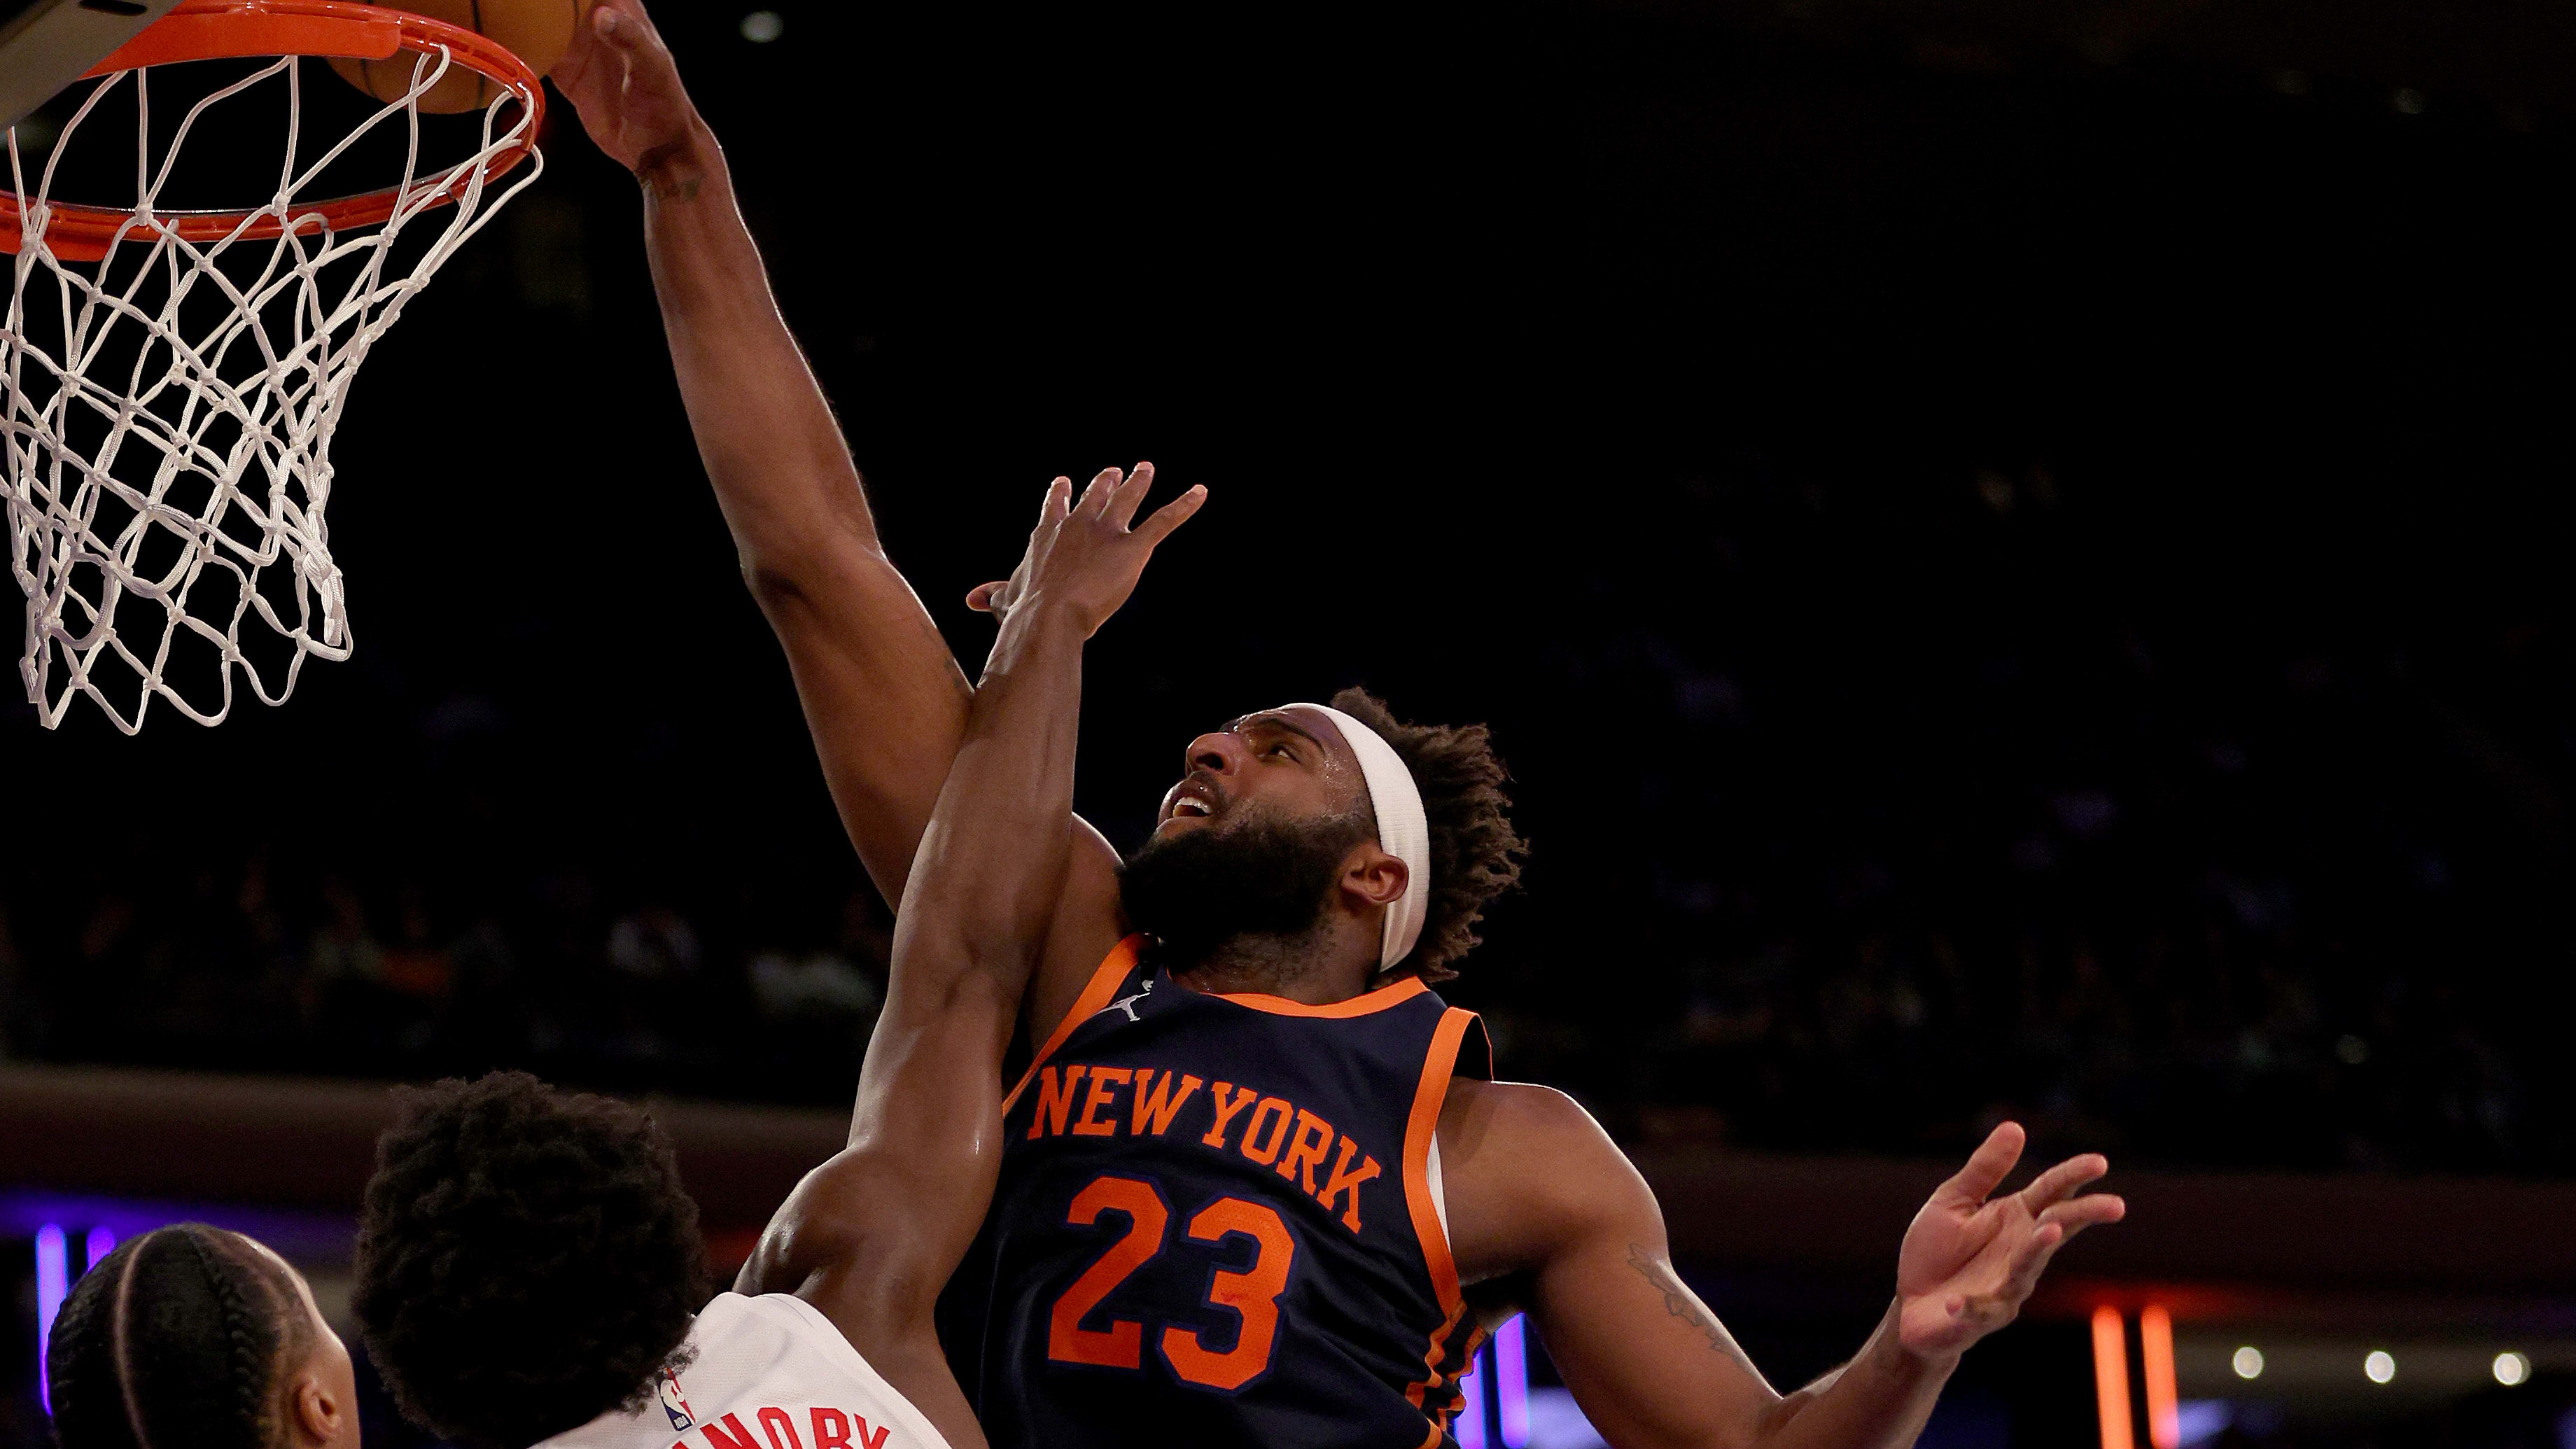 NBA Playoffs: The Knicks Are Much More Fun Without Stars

=======

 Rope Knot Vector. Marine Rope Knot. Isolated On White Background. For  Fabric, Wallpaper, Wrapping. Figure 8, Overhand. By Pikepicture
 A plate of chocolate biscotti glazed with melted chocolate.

=======

* WHAT THIS TASK INVOLVES
Quote the data above from the line containing "Rope Knot Vector." to the line containing "A plate of chocolate", inclusive, and stop.

* COMPLETED EXERCISE
 Rope Knot Vector. Marine Rope Knot. Isolated On White Background. For  Fabric, Wallpaper, Wrapping. Figure 8, Overhand. By Pikepicture
 A plate of chocolate biscotti glazed with melted chocolate.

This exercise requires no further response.